For most people with public speaking anxiety, the idea of performing stand up comedy in front of a room of people would be a no go, but Nardos Osterhart saw standup as a great way to overcome her fears.
Osterhart, who works as a hospital administrator, said as she was advancing in her career it became apparent that public speaking was a skill set she would need to tackle to be effective in her work.
“I was thinking about ways to overcome some of those public speaking anxieties I had and that I knew were part of the job,” Osterhart explained. “The more I did my job, the more I realized being a good presenter was going to be important, in terms of my impact in my work.”
Osterhart considered the more traditional routes to improving her comfort with public speaking, but she said many opportunities she came across were offered during the work day or in the evenings when she wanted to he home with her husband and young children.
“I was researching and exploring opportunities and I realized these things were going to be hard to fit into my lifestyle,” she said.
As a fan of stand up comedy already, Osterhart said she began to consider the prospect of stand up comedy as a way to face her anxieties on the stage.
On a whim, Osterhart fired off an email to Dr. Grins Comedy Club, located at The B.O.B., thinking it would likely be months before she heard back—if she heard back at all.
“Instead, my query went to Dr. Grin’s emcee, Stu McCallister, and minutes later I got a reply with a date and time on stage,” Osterhart said. The date was three months out.
“I told my husband ‘I’m going to be doing stand up in three months for three minutes at Dr. Grins.’”
With no material, Osterhart said she set to work trying to write jokes. “I started writing jokes, random thoughts about my life and who I am. I thought, ‘what is it that my favorite comics do? What do they talk about?’”
Osterhart was a fan of Jerry Seinfeld’s observational humor and style, so she decided to start there.
“So I thought ‘what’s always awkward about myself?’ I have a strange name, I’m not always good at parenting, being married is difficult, and I don’t always react like I’m supposed to.”
Osterhart’s husband served as her initial test audience. “I’d say, “Is this funny? Is this funny? Until he said ‘kind of ‘and then I started working on those ‘kind ofs.’ The things that made him break a smile a little bit.”
She also began booking gigs on smaller stand up stages to prepare for her Dr. Grin’s debut.
“I tried my five minutes in different rooms, and I was so nervous, until the minute I got on stage. I remember thinking, the worst that could happen is you could bomb, but you’ve seen people bomb before and there is no other way to overcome this fear, you just have to try it. I was terrified and nervous, but you just have to try it.
“I said everything way too fast but I got laughs and I got support, and I think that was the lesson for me. People don’t want you to fail. They are just as awkward as you are. They hope you are funny. They don’t want you to fail or do badly. That moment of realizing people want you to do well.”

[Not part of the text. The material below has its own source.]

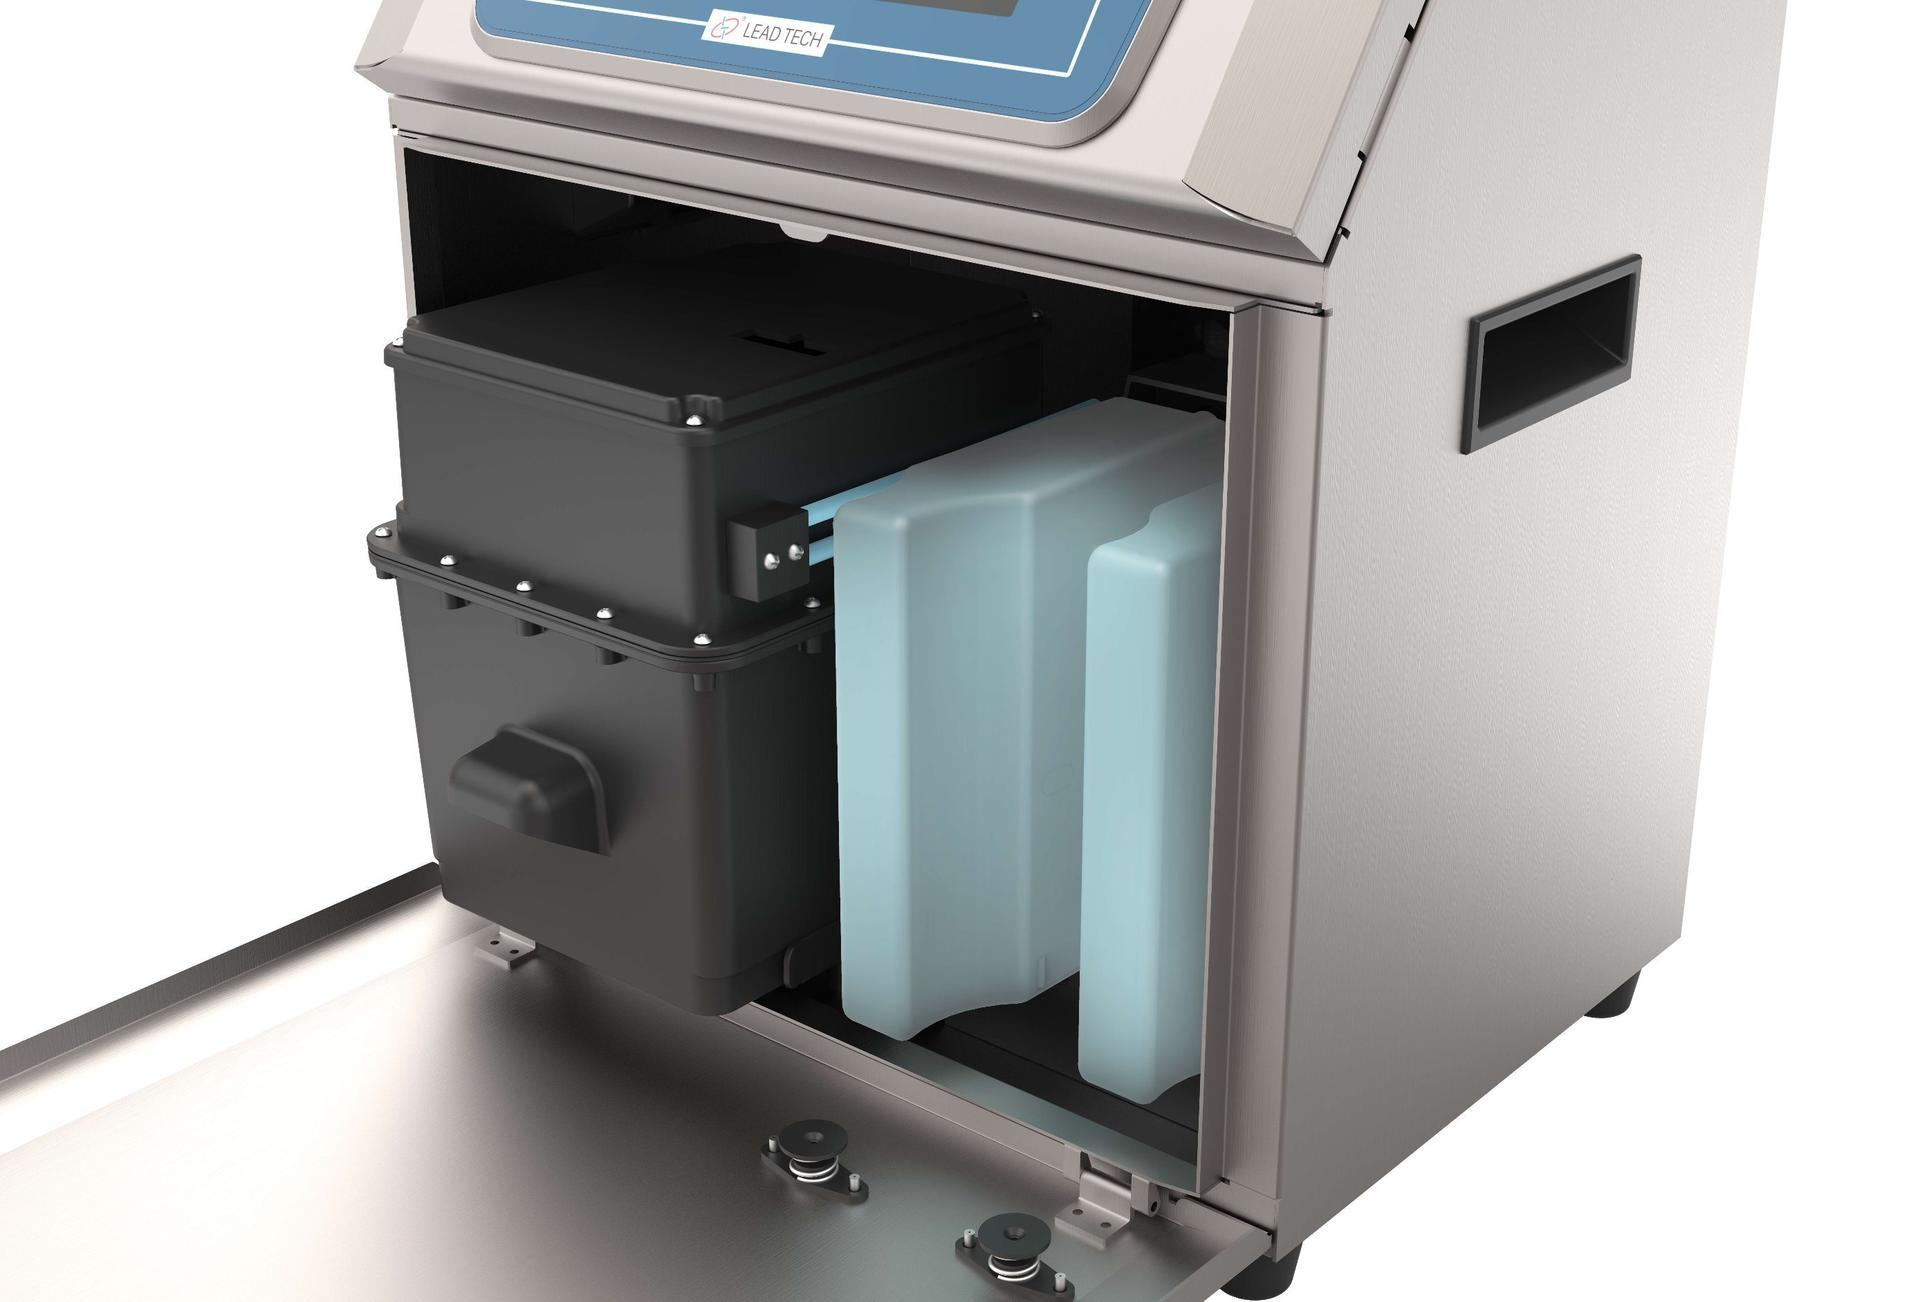 Lt800 Black to Blue Coding Cij Inkjet Printer
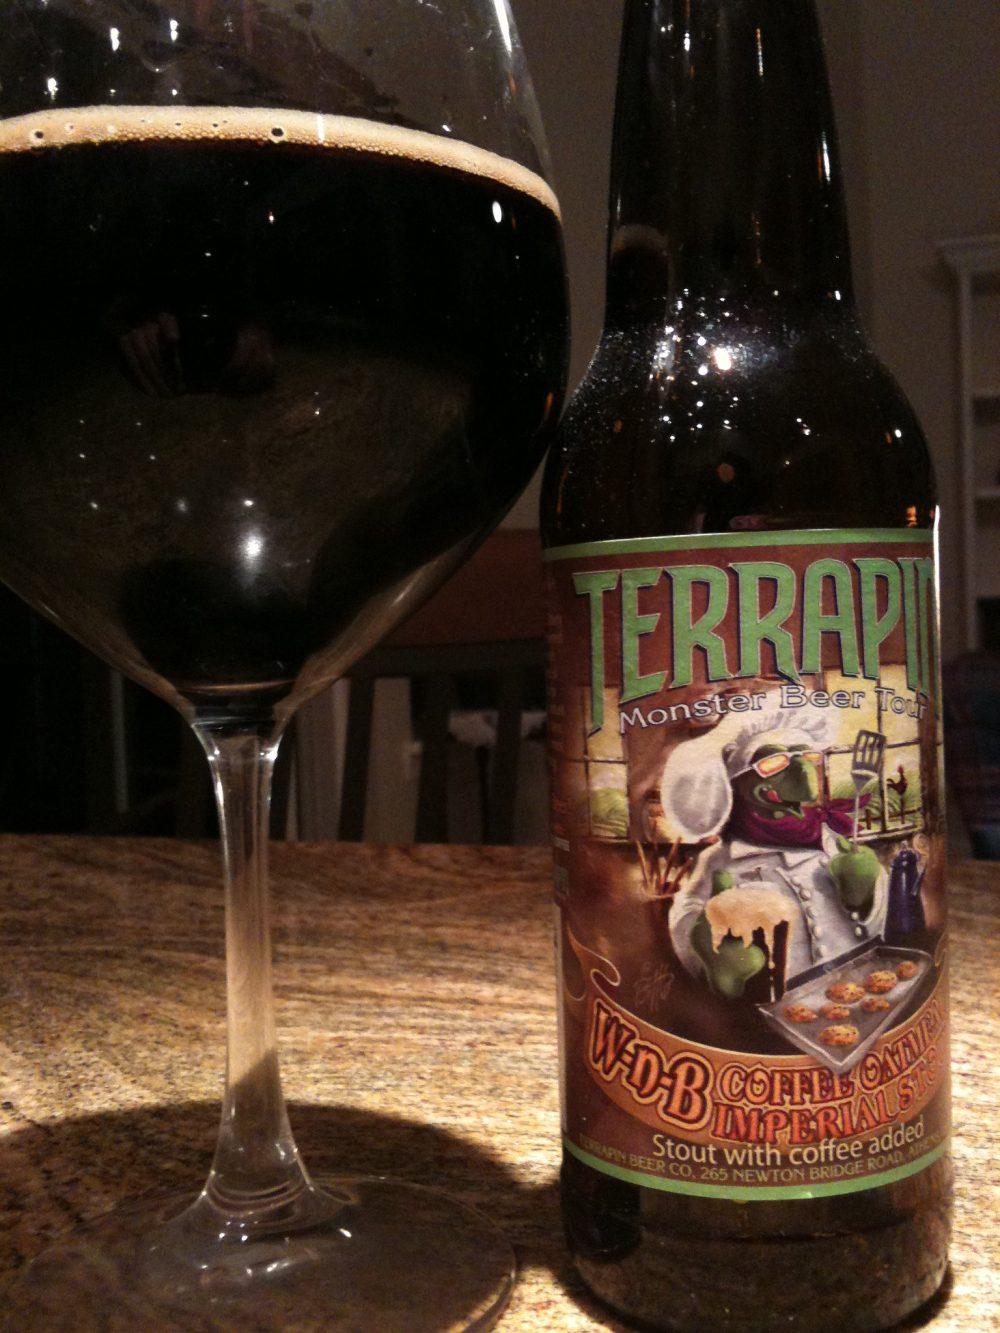 Terrapin's Wake-n-Bake Coffee Oatmeal Imperial Stout

When she started her journey in 2012, Osterhart said she committed to doing stand up for at least a year, figuring that was a substantial amount of time for reaching her goal with becoming more comfortable with public speaking. But, she was quickly hooked by her new hobby.
And she’s managed to tally up a lot of laughs. Osterhart won the Funniest Person in Grand Rapids contest in 2013, and competed in the San Francisco Comedy Competition in 2014. She also emcees at Dr. Grins Comedy Club.
Three years ago, Osterhart embarked on another challenge, she staged her first one-woman show, “Hafrican,” which she said was an opportunity for her to test out a lengthier routine. The Indy Fringe Festival selected the show for its 2016 lineup.
“Hafrican” was fueled by Osterhart’s immigrant background.
“My background intrigues people. I have this immigrant story,” she said. “I was born in Nigeria and my family is from Ethiopia. I have this perspective of how do I enjoy this new life in America in the context of looking around and feeling like everyone is kind of spoiled, including myself, compared to how I grew up.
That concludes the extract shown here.